KETIMPANGAN MEGAPROYEK LIN
Melalui Kementerian BKPM (Badan Koordinasi Penanaman Modal) seluruh kebijakan yang didorong yaitu investasi yang berkualitas, artinya investasi yang tidak berpusat pada wilayah Jawa dan Sumatera saja tetapi di wilayah Indonesia Timur pun harus menjadi prioritas sehingga pemerataan pun terjadi.
Diluar itu, adanya kebijakan yang kredibel yang disusun oleh pemerintah. Indikatornya bukan hanya terletak pada banyaknya kebijakan yang diluncurkan tetapi ketika kebijakan tersebut di produksi, pemerintah dapat memastikan berjalan di lapangan.
Problem yang terjadi di Indonesia kerapkali kita menjadi produsen kebijakan, tetapi kadangkala terjadi defisit implementasi yang disebabkan oleh mekanisme pasar bebas sehingga menimbulkan investasi yang transaksional. Alih-alih sudah berjalan megaproyek tersebut (LIN), beberapa perkara yang muncul yaitu hak-hak masyarakat (petuanan ) yang sering diabaikan akibatnya terjadi konflik sengketa lahan.

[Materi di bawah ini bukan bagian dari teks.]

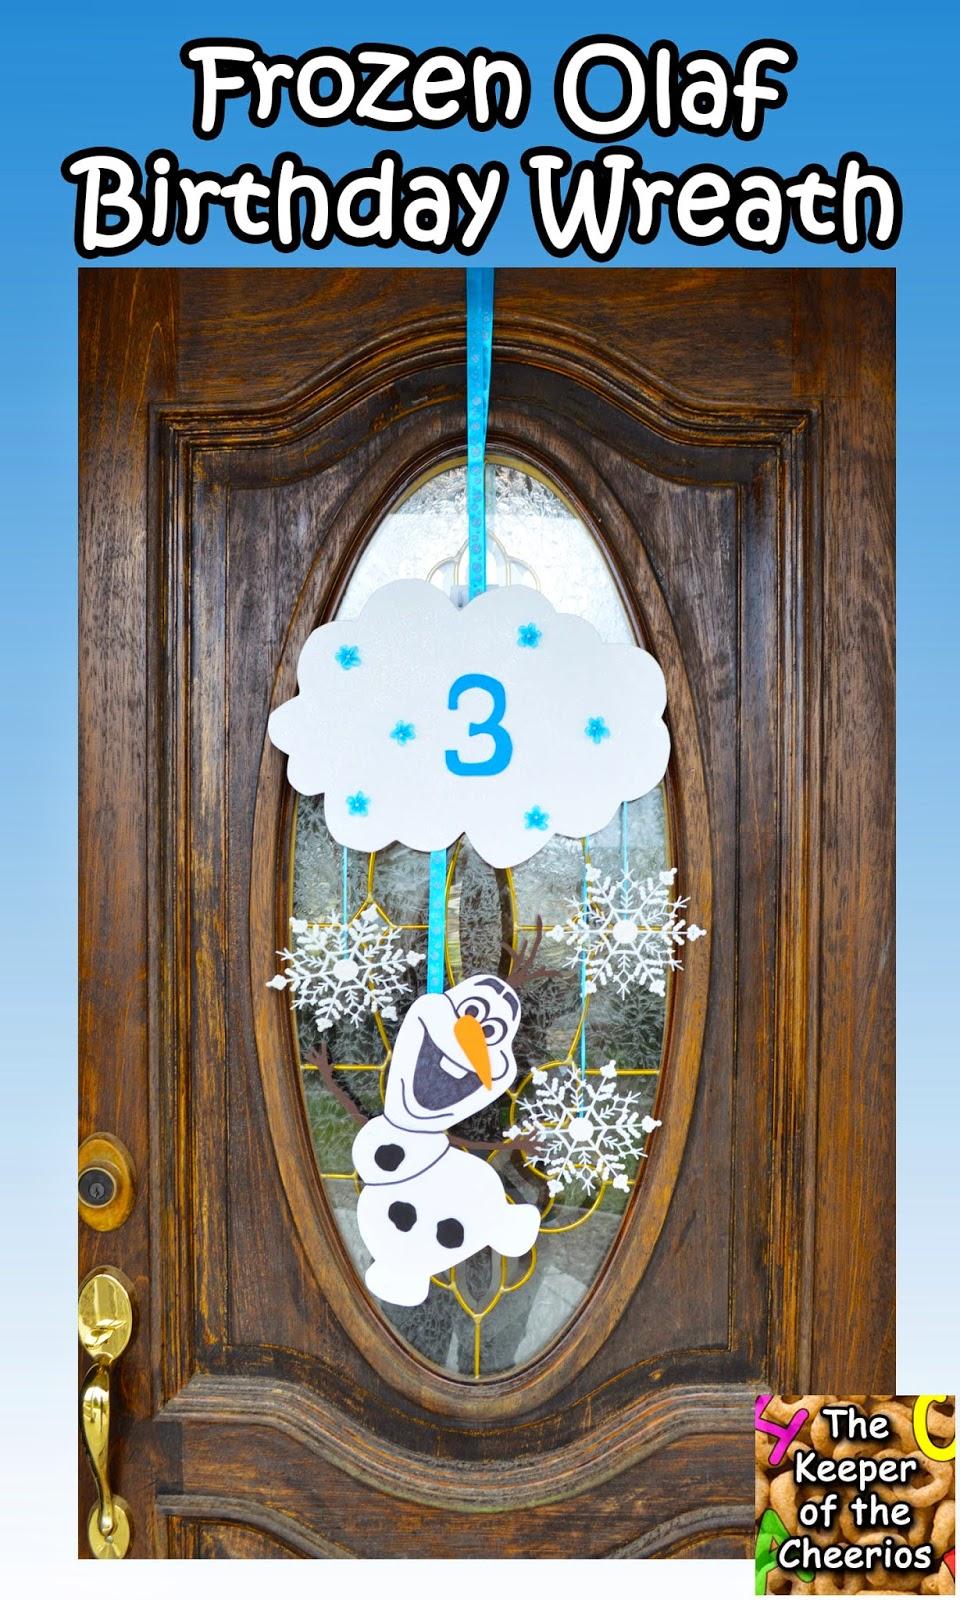 Frozen Olaf Birthday Door Wreath The Keeper Of The Cheerios

Dalam lanskap yang lebih luas, perkara pokok yang hingga saat ini menunjukan kegagalan pemerintah baik itu pusat atau pun daerah, pada kasus Investasi di Maluku, kerapkali menimbulkan ketimpangan antar masyarakat dengan pemangku kebijakan (kelompok hirarki sosial), penyerapan tenaga kerja yang sepihak (primodialisme), ketidakmandirian ekonomi yang selalu mengabaikan UMKM lokal atau BUMDES setempat.
Skema pemberantasan kemiskinan yang dijalankan sekarang mesti menyangga agenda strategis bangsa. Demokrasi ekonomi, transformasi ekonomi, dan investasi inklusif adalah akar tunjang ekonomi sehingga tiap pertumbuhan batang pendapatan tak akan dililit benalu ketimpangan. Investasi inklusif dimaksudkan sebagai upaya menghilangkan dilema dibaliknya, seperti ketimpangan, pengabaian warga, perusakan lingkungan, dan seterusnya. Investasi mesti ramah lingkungan, melibatkan warga lokal, menghargai kemanusiaan, pemerataan akses dan aset, orientasi jangka panjang, dan fokus ke benefit (people, planet, profit/benefit).